Out of their previous releases, 2012 album ‘Colourmeinkindness’ was arguably their finest work. Embedded with grungy laden riffs and emo lyricism, Basement blended 90s alternative rock with more contemporary hardcore acts, giving Basement a unique blend of grunge, emo and alternative rock. Yet, this new EP marks a slight change in style in comparison to their previous releases. Opening track ‘Summer’s Colour’ sets the release off with a melodic guitar riff, that displays more of a pop sensibility in regards to their previous opening tracks. The song overall, offers a melancholic tone despite its accessible sound and sappy lyrics. For instance, as the chorus kicks in, vocalist Andrew Fisher wails, “Princess in a white dress, Queen in a dream”, giving the song a bittersweet appeal. Drummer James “Crab” Fisher proceeds to pummel this sound throughout the rest of the song. Providing ‘Summer’s Colour’ with a natural backbone, Crab’s drumming skills gives the listener a chance to air drum profusely while humming along to the catchy melody.
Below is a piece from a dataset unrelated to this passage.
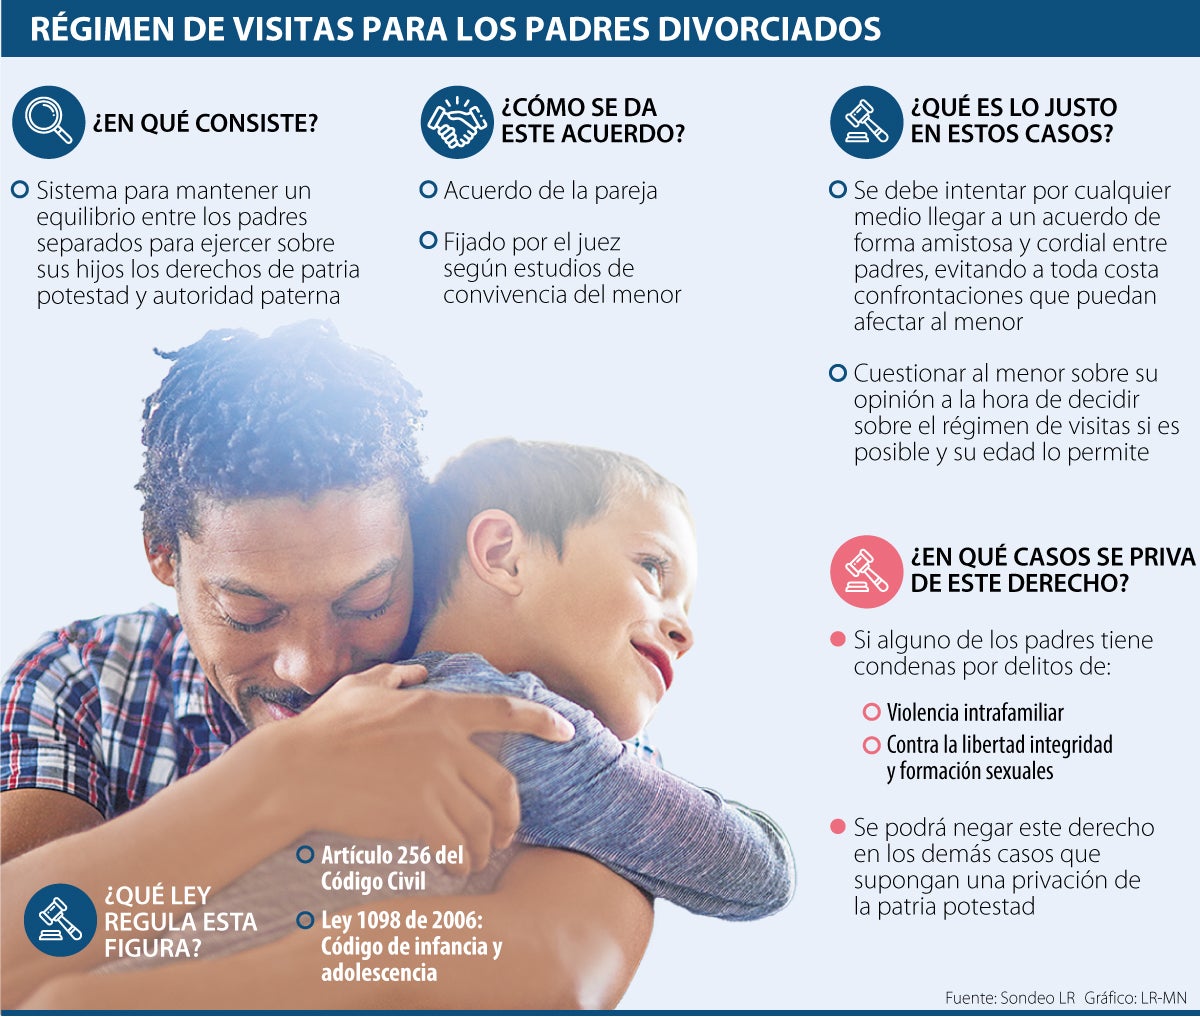 conozca cómo funciona el régimen de visitas para las parejas divorciadas con hijos

Following track ‘Jet’, is much more hard-hitting than the latter. Bassist Duncan Stewart’s heavy tone drives the song along, with its punchy beat offering something much more head bang-able to Basement fans in regard to previous material. As usual however, Andrew’s voice is beautifully melodic, soaring over the bass and guitar lines in the song effortlessly. Yet, he really hits the peak of his vocal abilities during the dreamier, more psychedelic moments of the song, as he softly croons, “It was only for an hour, It was only for us”.

Final song ‘Animal Nitrate’ strips down the glam charm that Suede was known for, replacing it with heartfelt vocals and a rock n roll groove, while still naturally paying homage to the classic Britpop sound that Basement grew up with.

Overall, the EP is a short affair, yet I think that’s forgivable considering it’s a band trying to find their feet after a break from the scene. However, to answer my question, are Basement as good as they once were? The answer is undoubtedly yes. As Basement nonetheless continue to sell out shows all over the world, fans will finally be able to see songs from ‘Colourmeinkindness’, and now ‘Further Sky’ performed live, as well as look forward to the new material that they have yet to offer. So hurry up with the album guys, and announce a UK tour while you’re at it. Noice.


‘Further Sky’ EP by Basement is out now on Run for Cover Records.